AIM OF THE EXERCISE: Reproduce the records without their pictures, keeping every word as it is.

SOURCE INFORMATION:
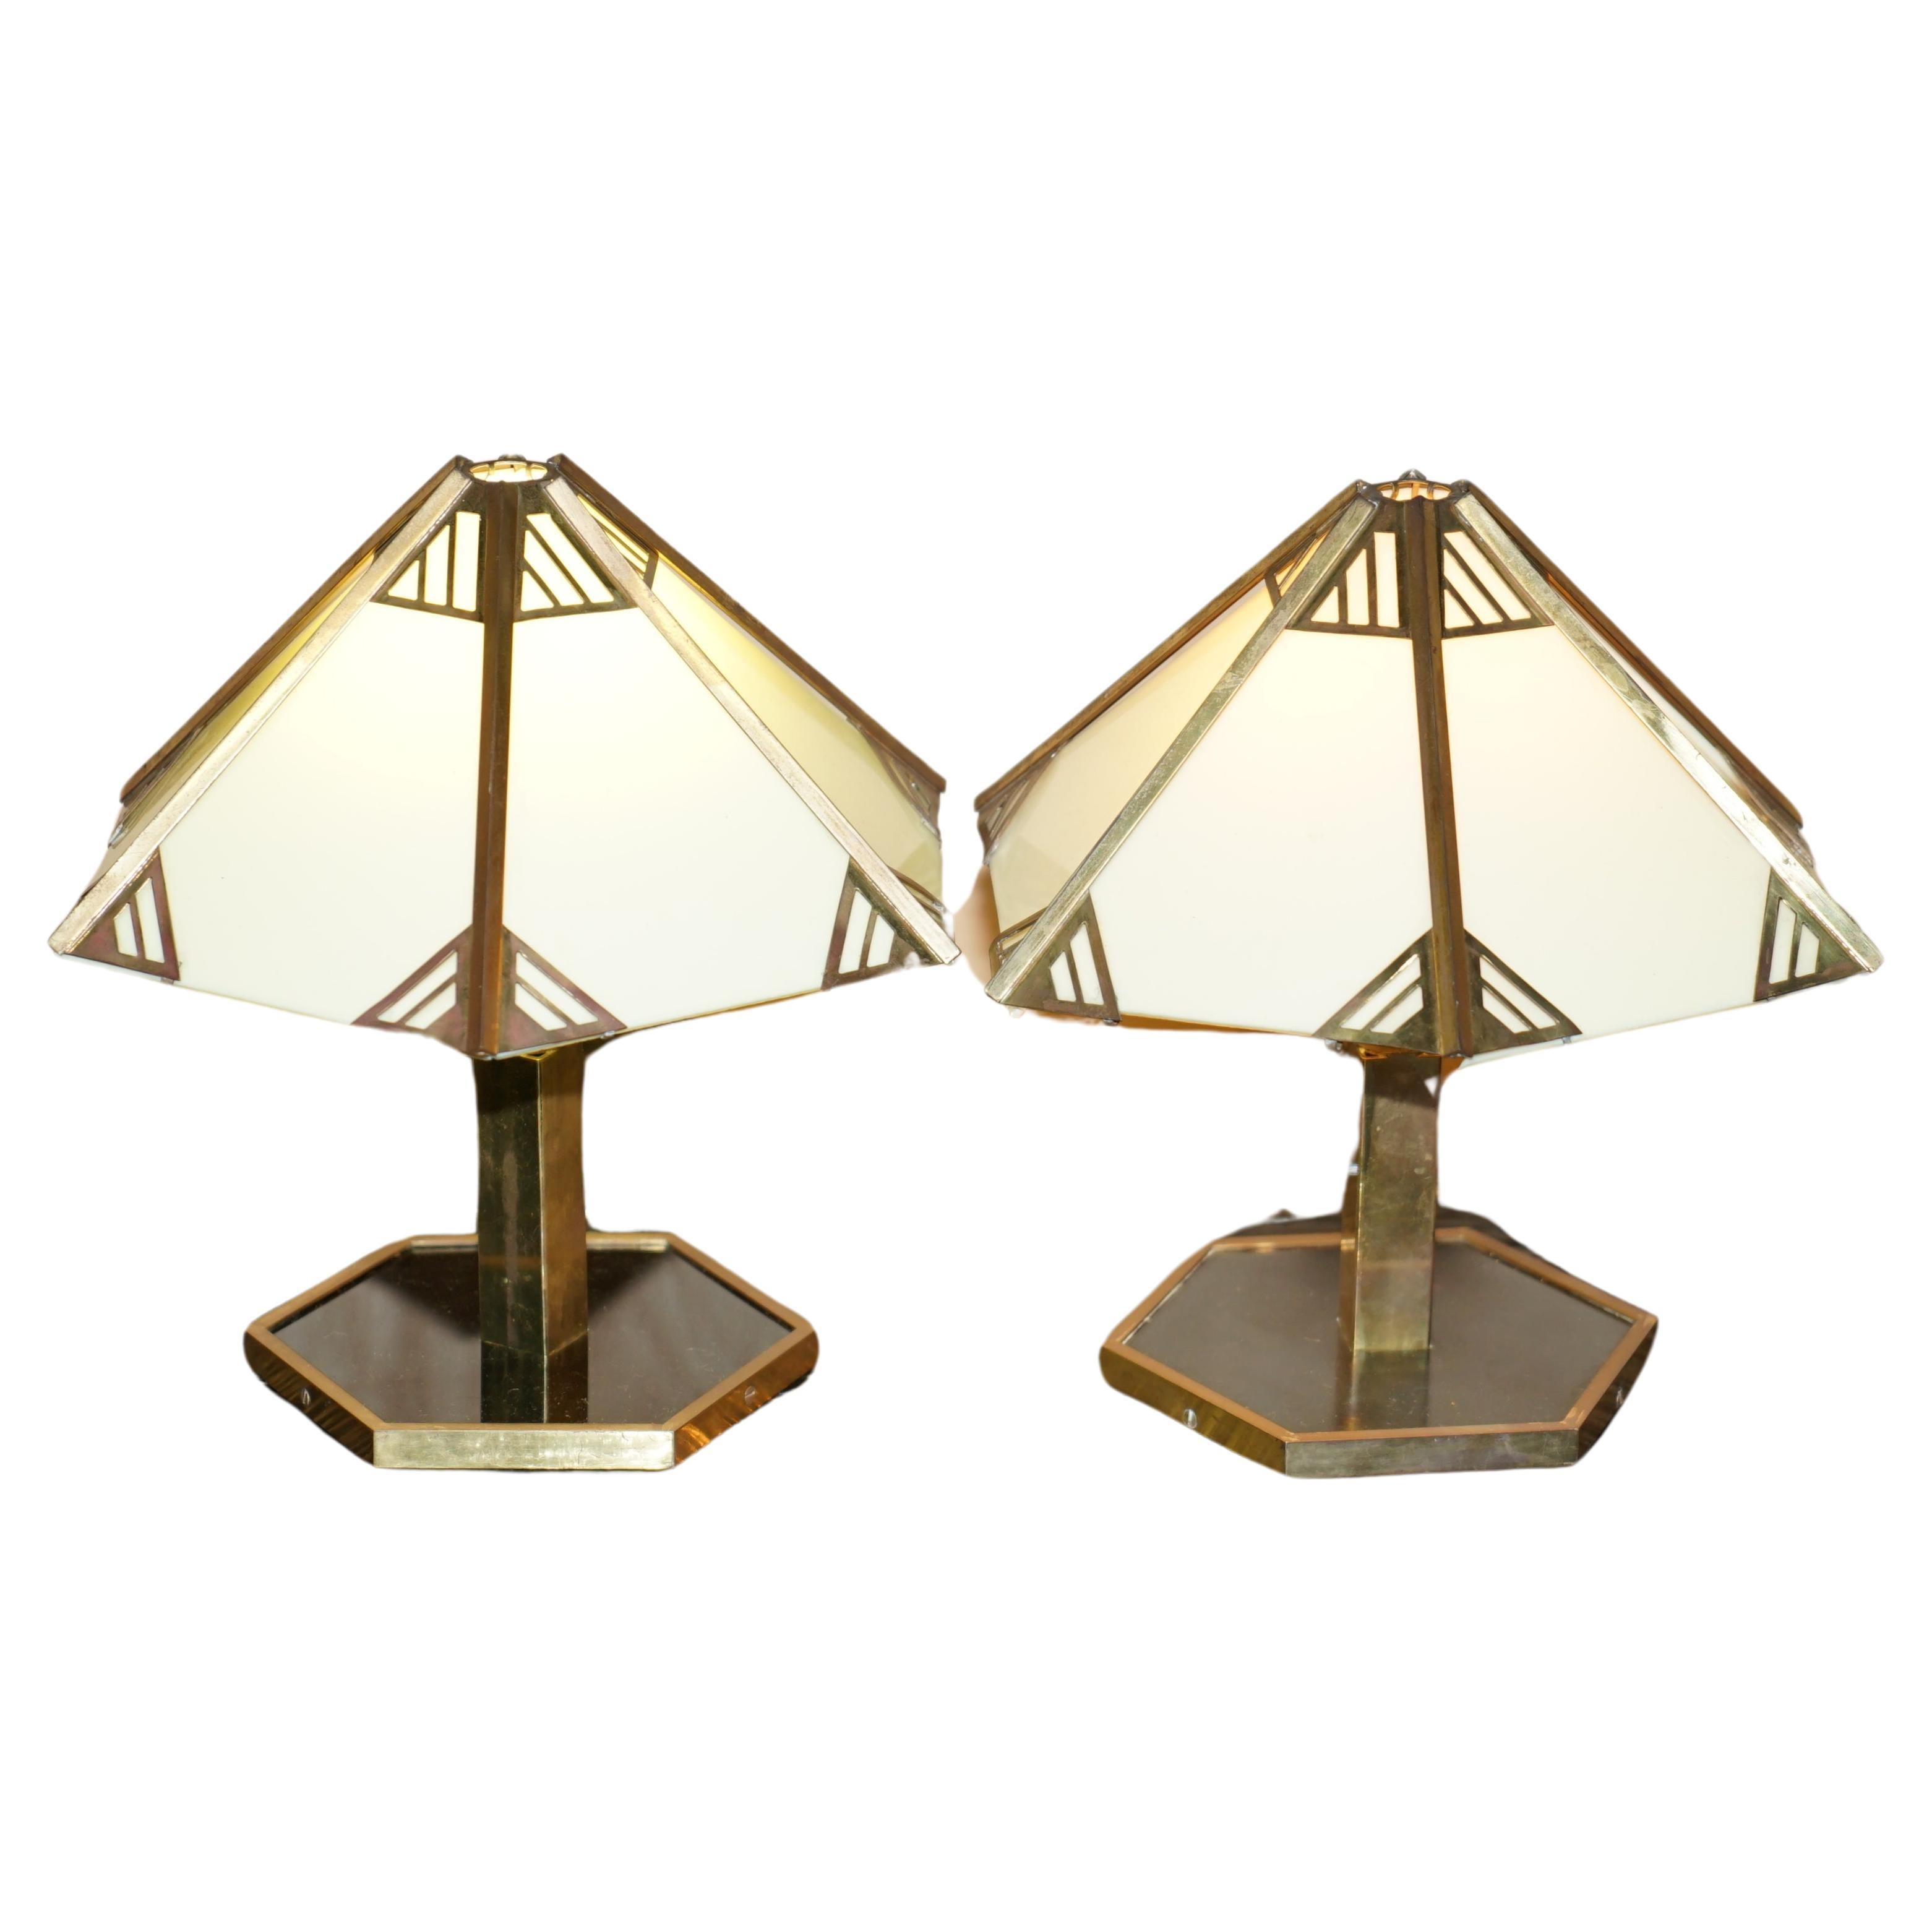 Nous sommes ravis d'offrir à la vente cette superbe paire de lampes de table Art Déco en laiton et Lucite datant des années 1930-1940.

Une très belle paire de lampes de table italiennes modernes du milieu du siècle dernier, bien fabriquées et
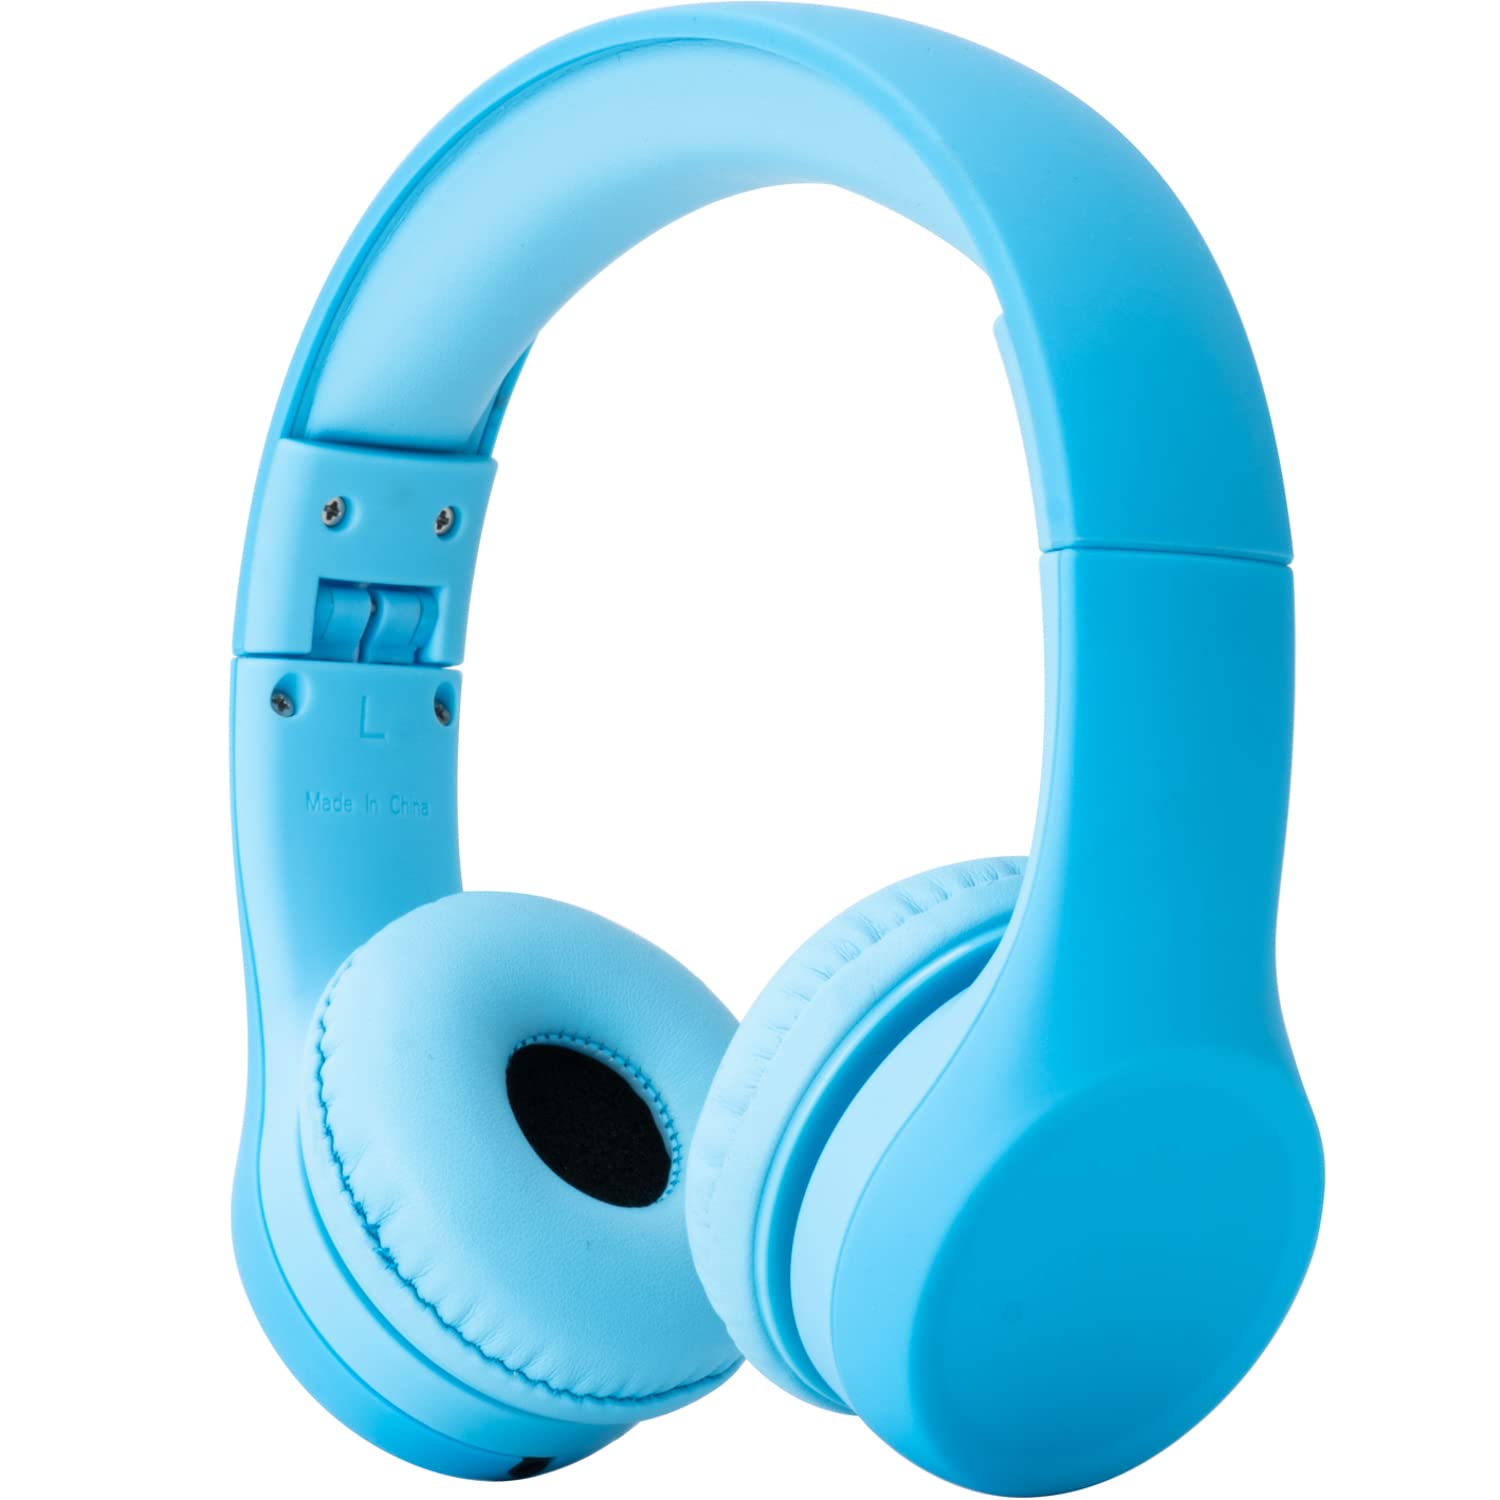 Snug Play+ 아동용 볼륨 제한 헤드폰(남아/여아) - 블루
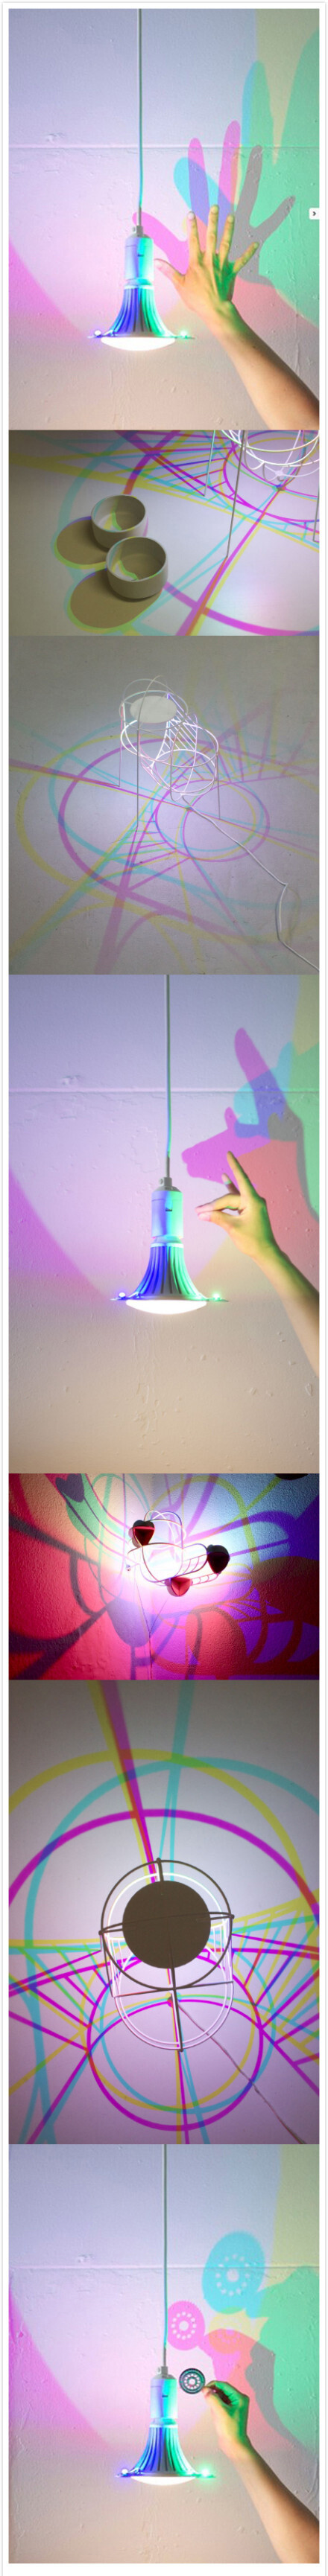 #v觉炫酷创意# CMYK四色分光LED灯，让影子不再是属于黑色的单调，也可以华丽丽的多姿多彩。设计师Dennis Parren用一只普通LED灯泡和一组四色LED灯泡完成了这个创意，在墙壁和屋顶上形成LED灯影的奇幻美学。 寻物链接：www.vjue.com/gyc/qita/home/
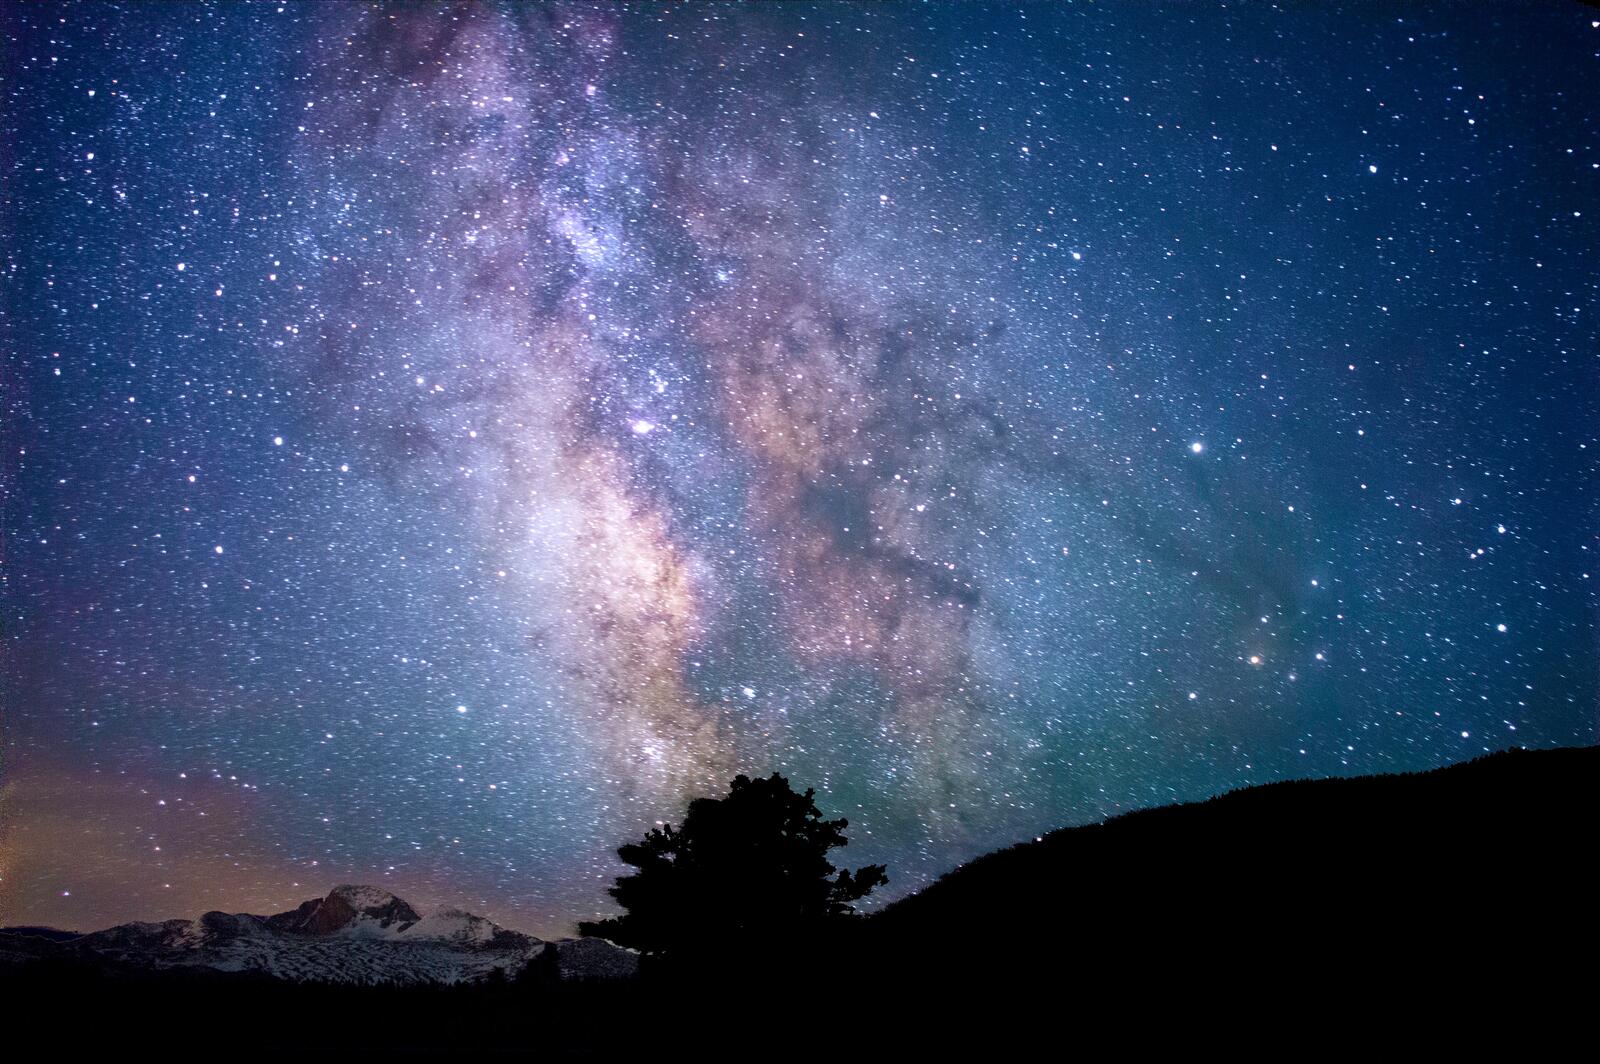 Бесплатное фото Звездное ночное небо с млечным путем

WRITTEN ANSWER:
 Nous sommes ravis d'offrir à la vente cette superbe paire de lampes de table Art Déco en laiton et Lucite datant des années 1930-1940.

Une très belle paire de lampes de table italiennes modernes du milieu du siècle dernier, bien fabriquées et
 Snug Play+ 아동용 볼륨 제한 헤드폰(남아/여아) - 블루
 #v觉炫酷创意# CMYK四色分光LED灯，让影子不再是属于黑色的单调，也可以华丽丽的多姿多彩。设计师Dennis Parren用一只普通LED灯泡和一组四色LED灯泡完成了这个创意，在墙壁和屋顶上形成LED灯影的奇幻美学。 寻物链接：www.vjue.com/gyc/qita/home/
 Бесплатное фото Звездное ночное небо с млечным путем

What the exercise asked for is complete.